Considering the Cloud

If the GFE context is underperforming consider the following factors before moving to the cloud:

Size and Complexity of the Dataset

Datasets close to or exceeding the size of our available RAM may cause significant slowdowns or inability to process the data entirely in memory. If a dataset is larger than approximately 12GB (considering some memory for the operating system and other applications), it is time to consider switching to a cloud context.

Cost

Cloud services usually operate on a pay-as-you-go model, which can be cost-effective if your usage is variable. However, for consistent usage, the costs can add up. Local development might require an upfront investment in hardware or software but can be cheaper in the long run. If the software needed for the project is locally available and there are no other concerns that make moving to the cloud desirable, consider conducting the work on a GFE.

Scalability

If the project is expected to grow rapidly, or the amount of resources needed will vary throughout the project's duration, consider using cloud services. Working in the cloud can provide the flexibility to scale resources up or down quickly and efficiently.

Collaboration

Projects requiring collaboration, especially those with tasks involving sensitive data, may require at least some use of cloud services. Consider carefully what cloud services are needed. For example, if computational requirements are low but data must be shared, it may suffice to set up a database in the cloud.

Security and Compliance

Carefully consider data security and compliance concerns when choosing the computing context. Cloud providers offer robust security measures, but some projects may require that sensitive data remain on-premises.

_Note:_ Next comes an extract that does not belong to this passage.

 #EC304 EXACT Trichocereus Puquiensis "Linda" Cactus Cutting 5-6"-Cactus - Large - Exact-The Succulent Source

Cloud-based solutions must operate within environments that have been granted an Authority to Operate (ATO), ensuring they meet the comprehensive security standards required by the respective agency or department.

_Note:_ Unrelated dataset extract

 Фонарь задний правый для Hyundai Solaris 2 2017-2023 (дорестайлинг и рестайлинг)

Analyses performed on GFE must use software that has been approved by HHS. This ensures that all data handling and processing activities are conducted safely, securely, and in compliance with federal regulations, thereby safeguarding sensitive information and maintaining the integrity of government operations.

Performance

Some computationally intense tasks may require (or strongly benefit from) the use of a cloud environment. Keep in mind, however, the additional time required to configure and maintain the cloud environment. If the time savings outweigh the required investment, a cloud context may be a good choice.

Making the Choice

The choice between cloud and local environments does not have to be a binary one. A hybrid approach, where some aspects of the project are handled locally and others in the cloud, is a possibility and may be more efficient than adopting either option entirely.